| Dataset extract |
____
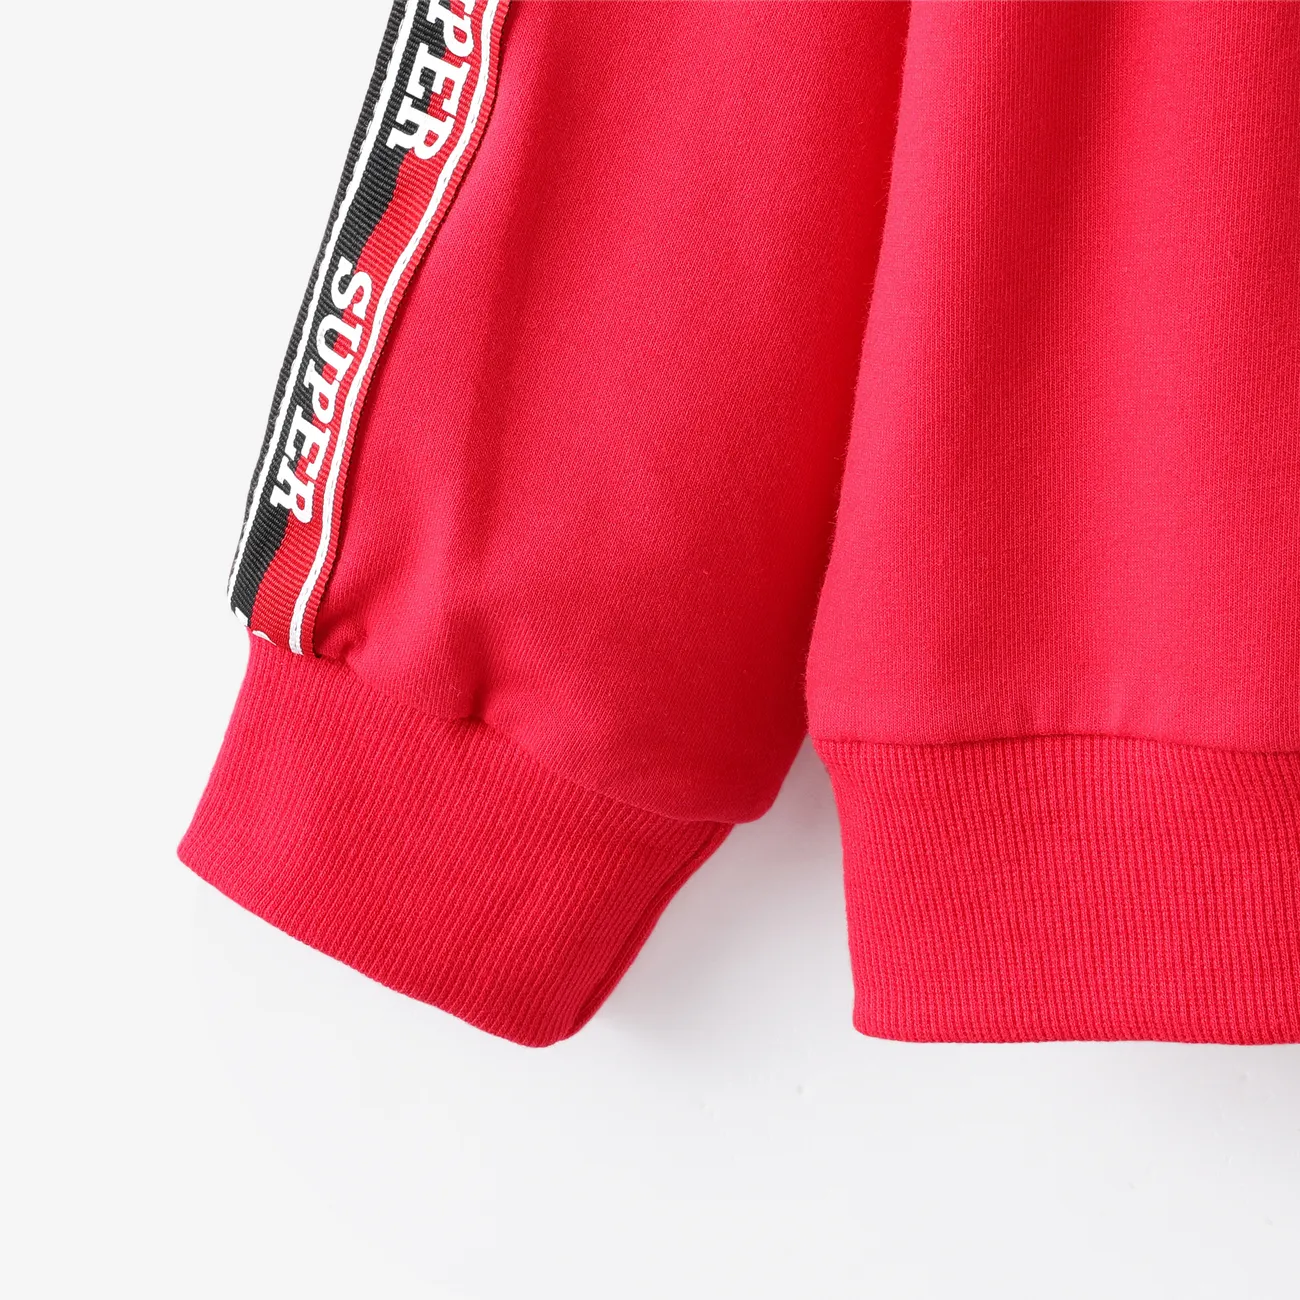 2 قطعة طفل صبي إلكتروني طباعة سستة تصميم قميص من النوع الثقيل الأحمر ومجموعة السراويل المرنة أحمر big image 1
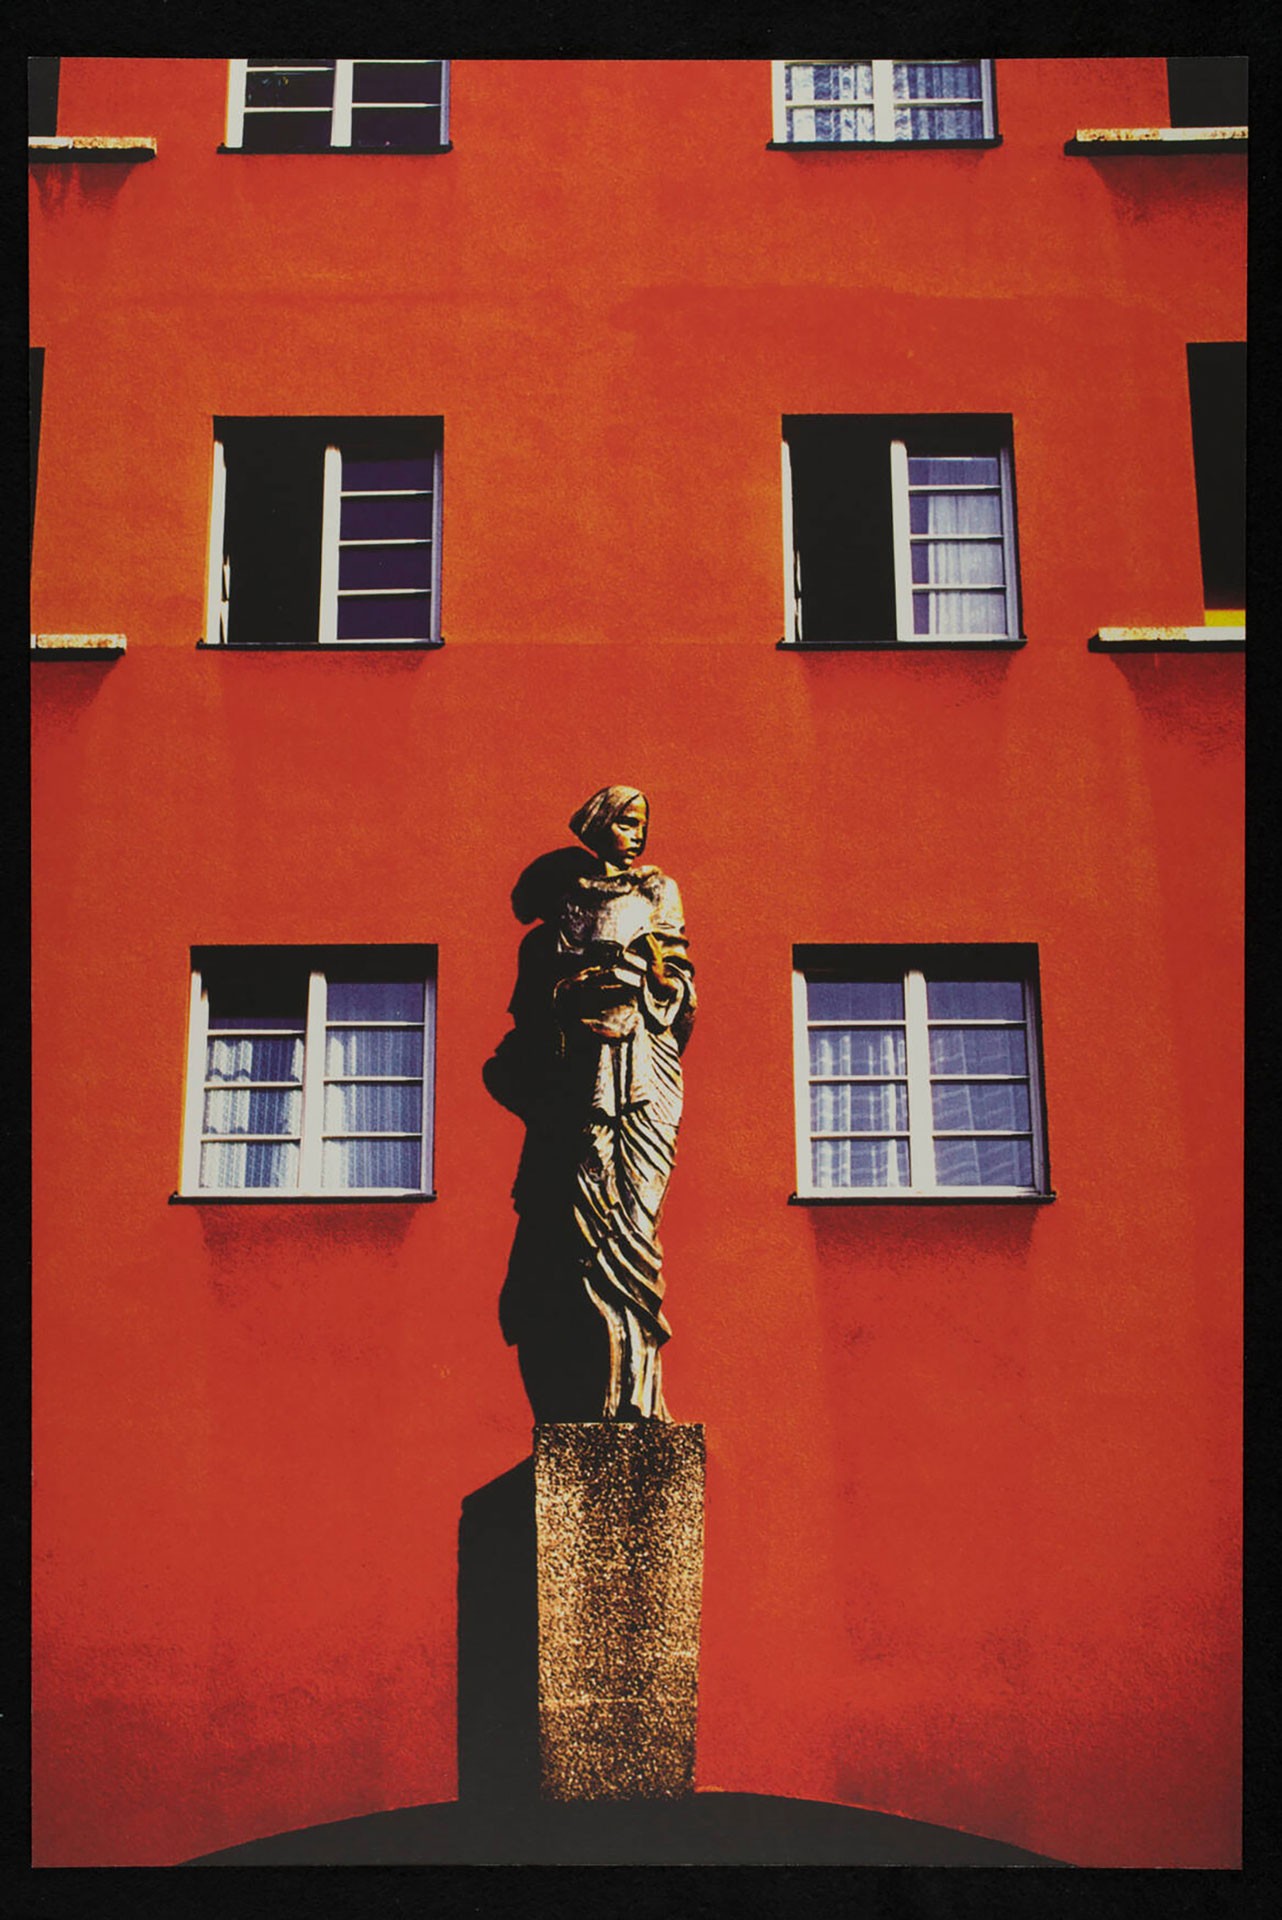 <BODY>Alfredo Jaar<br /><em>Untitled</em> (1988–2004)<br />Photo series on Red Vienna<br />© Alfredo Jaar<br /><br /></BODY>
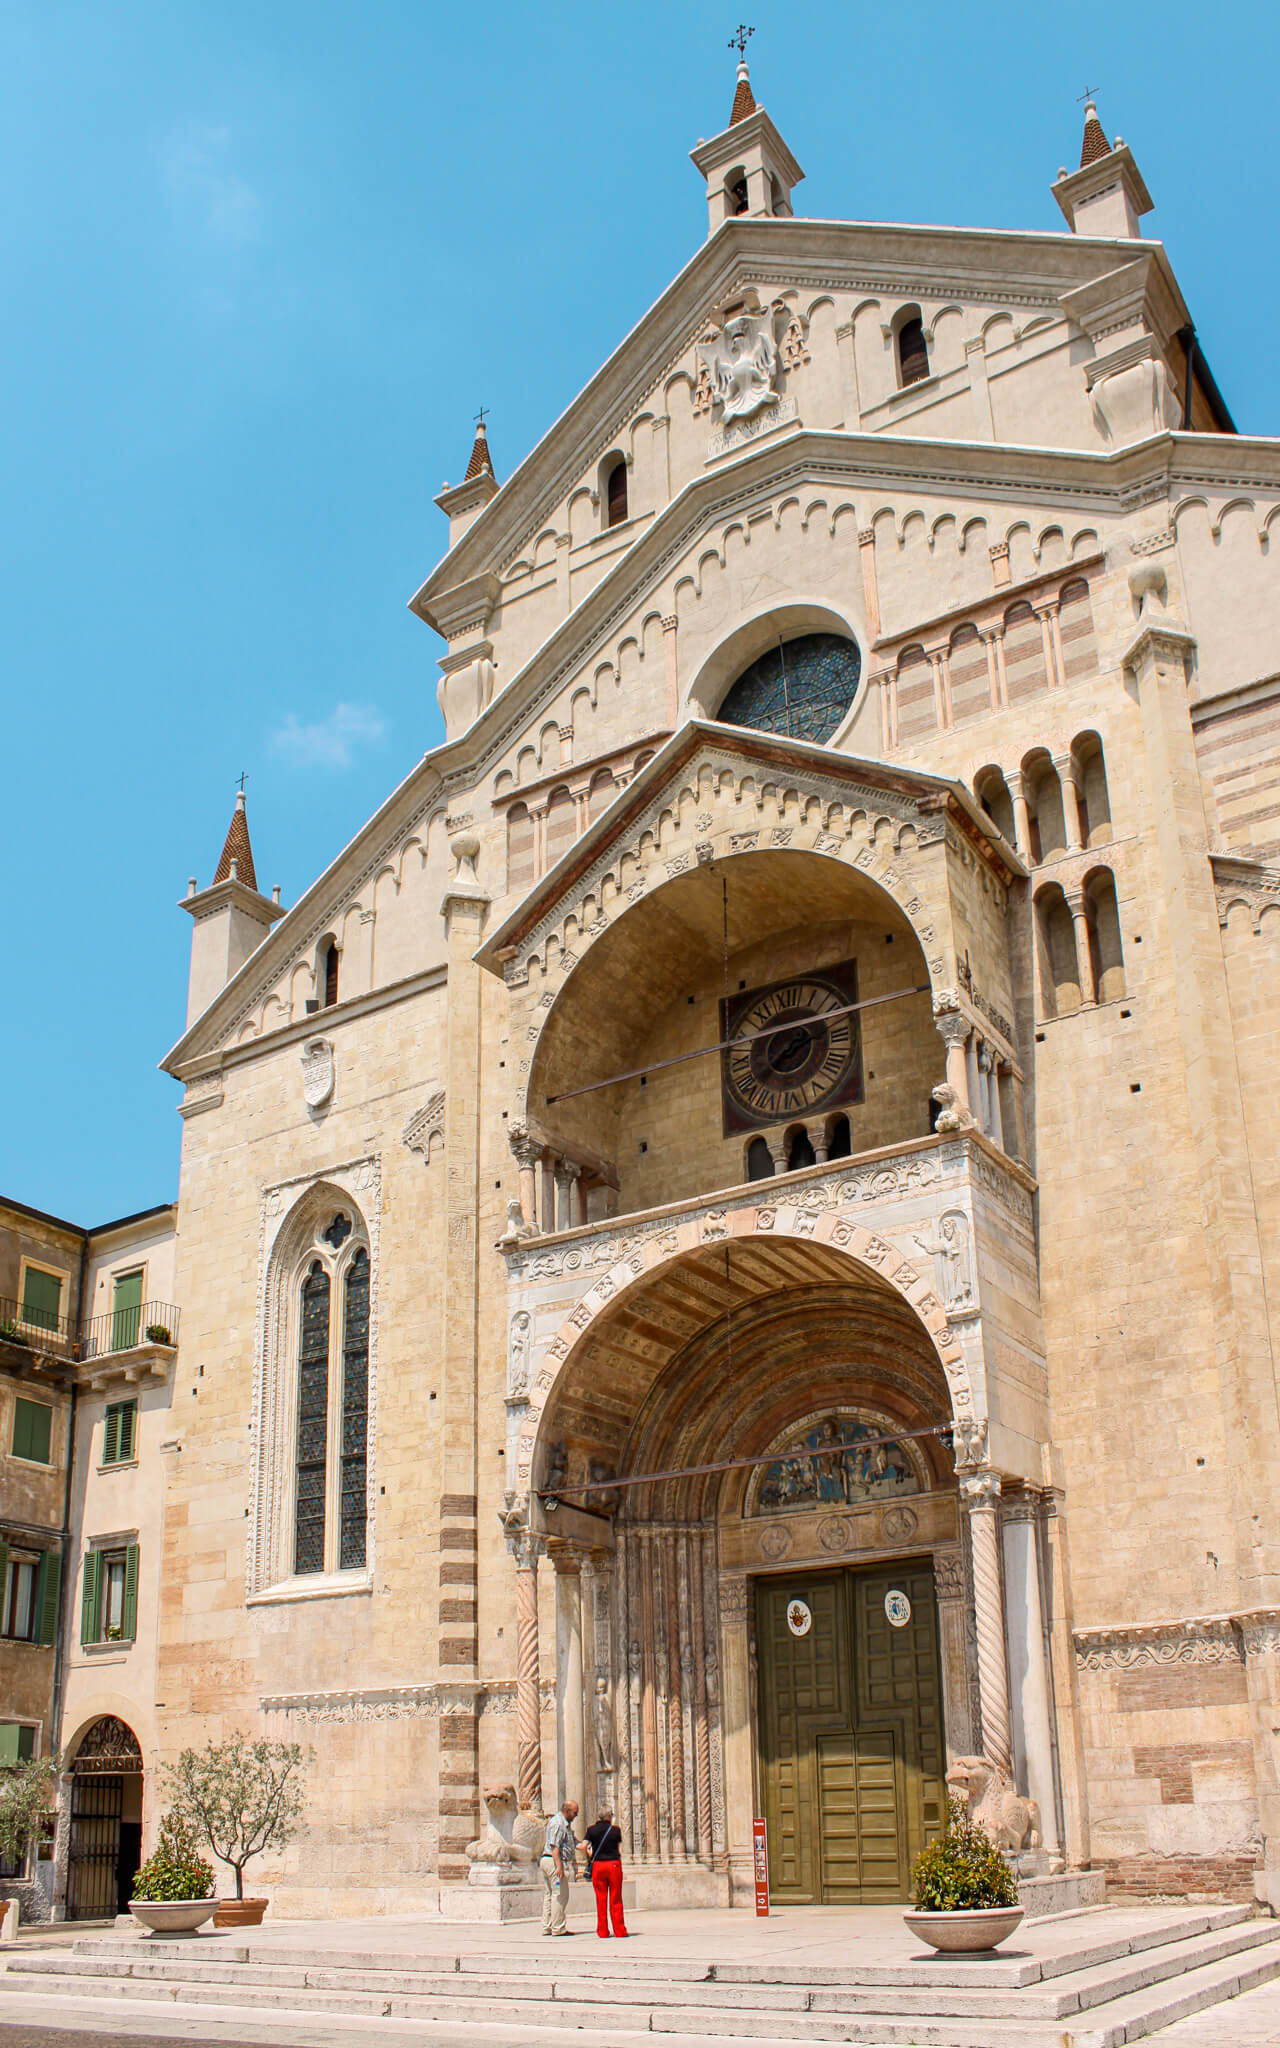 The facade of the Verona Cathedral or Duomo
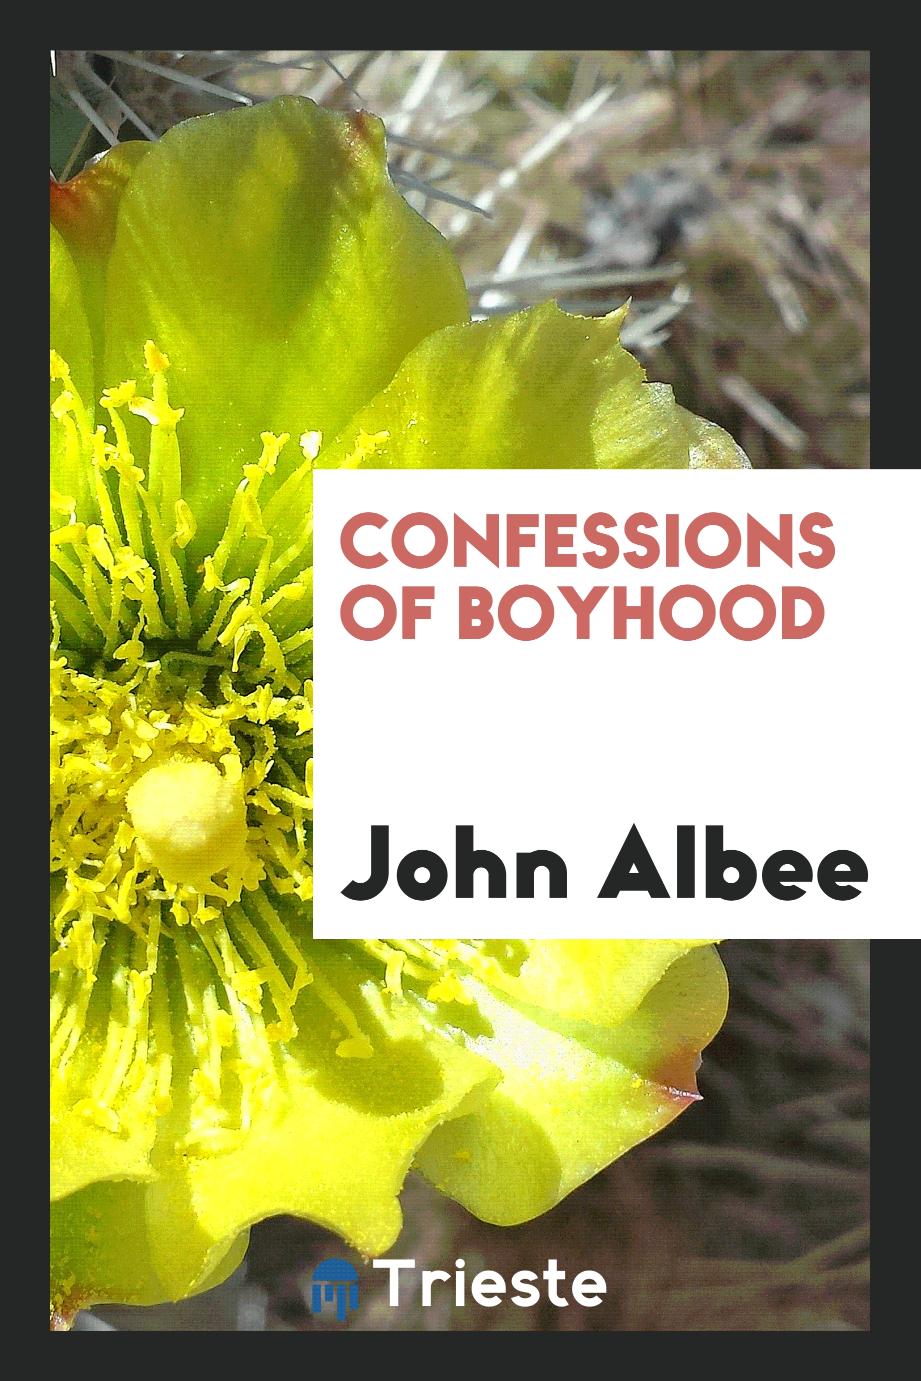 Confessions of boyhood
____
| Task item |
Pictures are skipped here. Print exactly, and only, the lines from the one holding "The facade of the Verona Cathedral or Duomo" through the final line of the material above, both ends included.

| Expected output |
 The facade of the Verona Cathedral or Duomo
 Confessions of boyhood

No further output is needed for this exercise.